___ MATERIAL PROVIDED ___
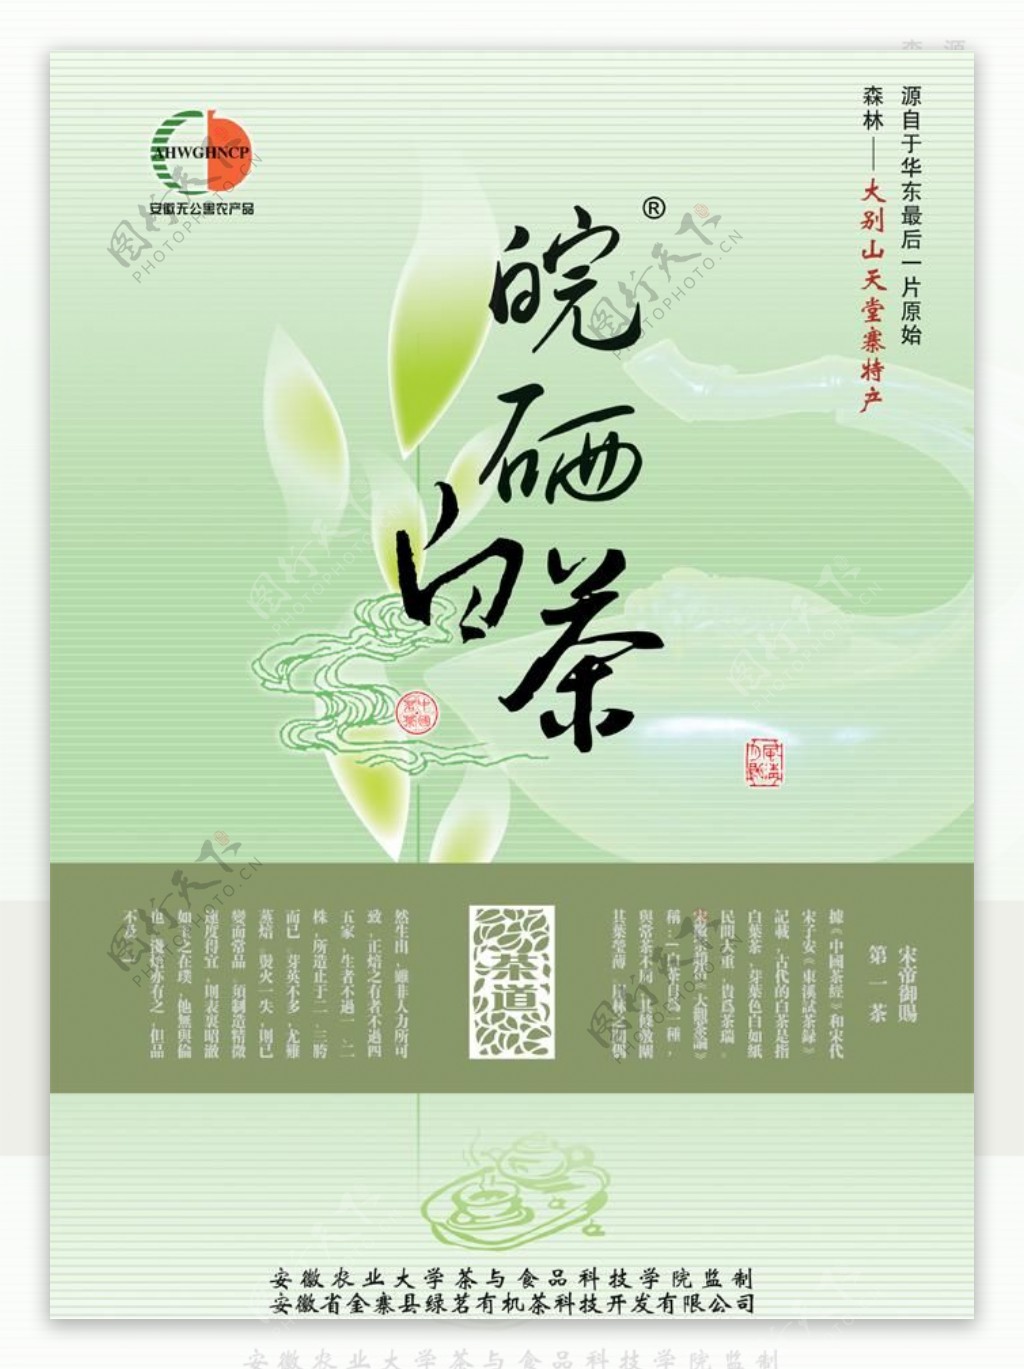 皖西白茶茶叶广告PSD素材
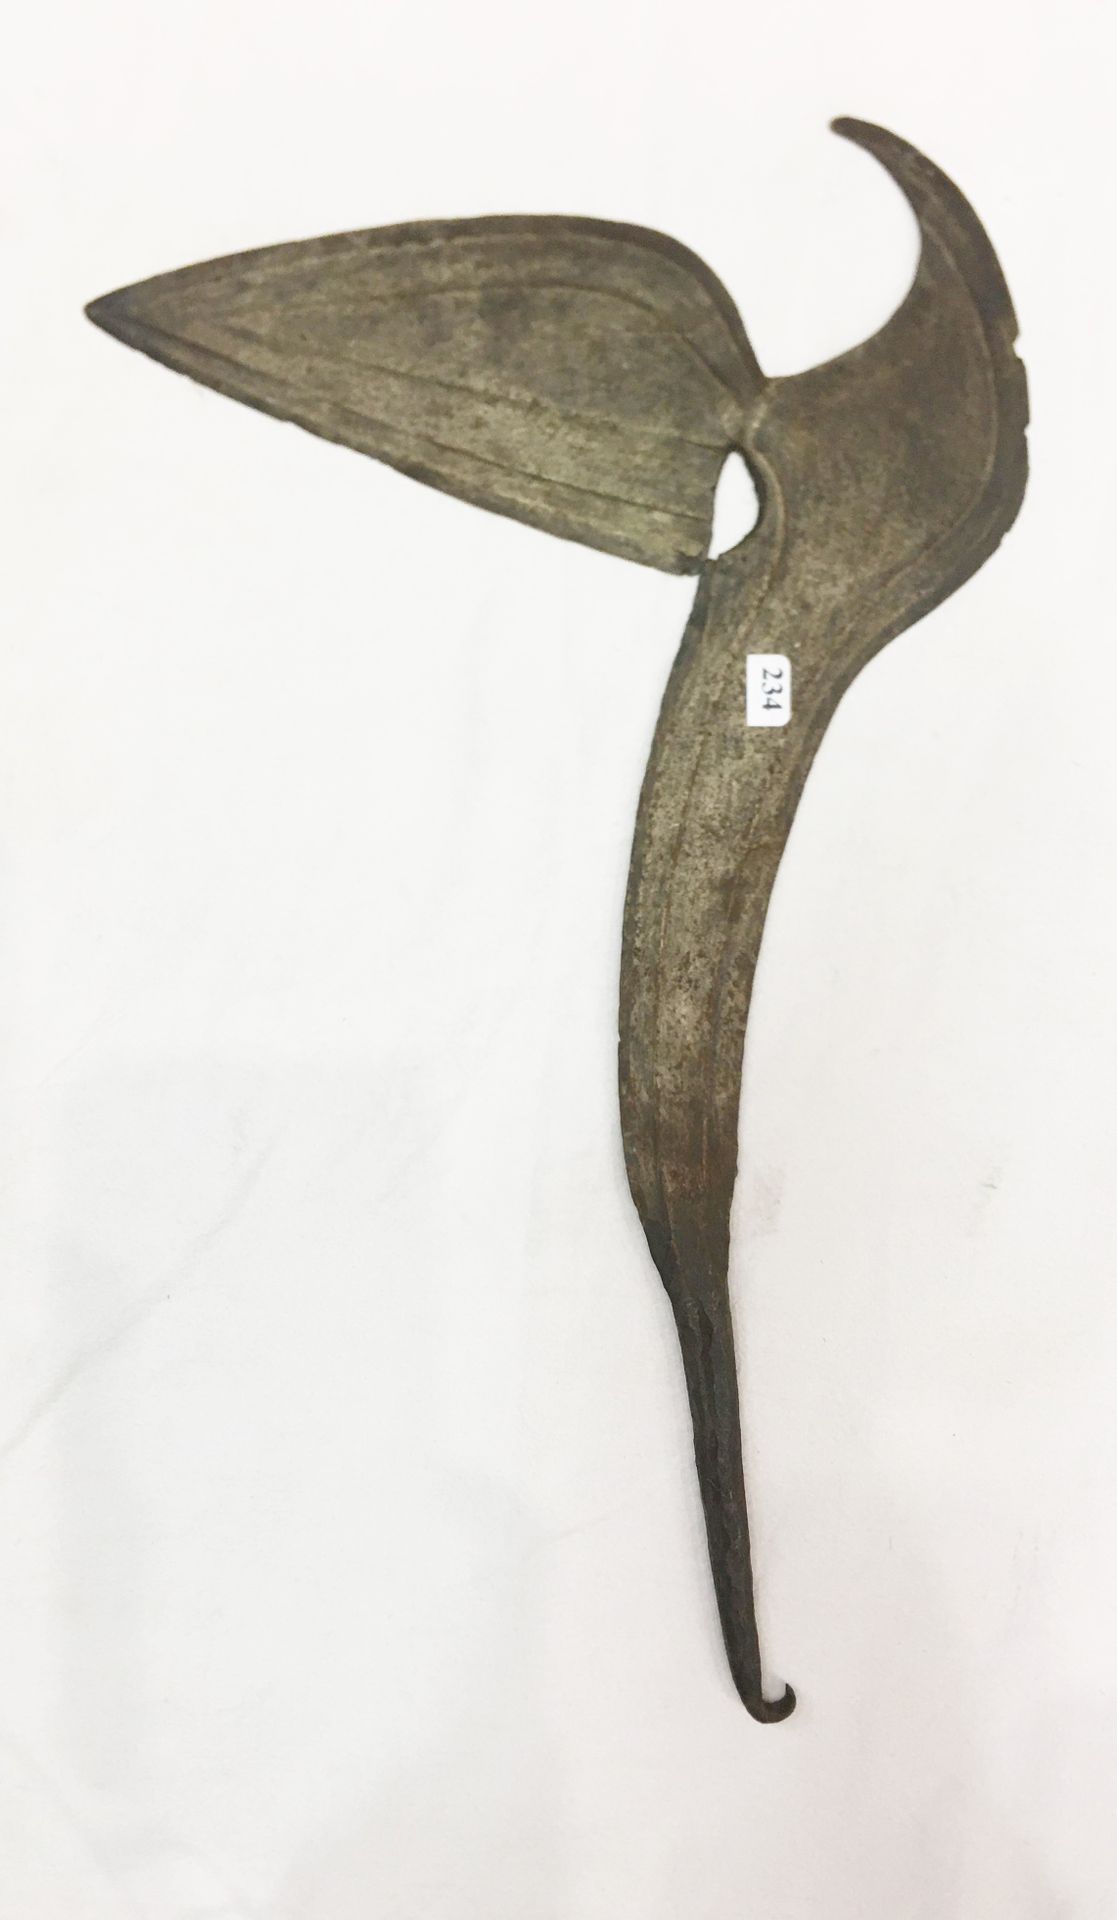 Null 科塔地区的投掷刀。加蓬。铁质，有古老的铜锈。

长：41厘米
___
▶ _EXERCISE BRIEF_
Return the whole listing word for word, minus its pictures.

▶ _RESPONSE BELOW_
 皖西白茶茶叶广告PSD素材
 Null 科塔地区的投掷刀。加蓬。铁质，有古老的铜锈。

长：41厘米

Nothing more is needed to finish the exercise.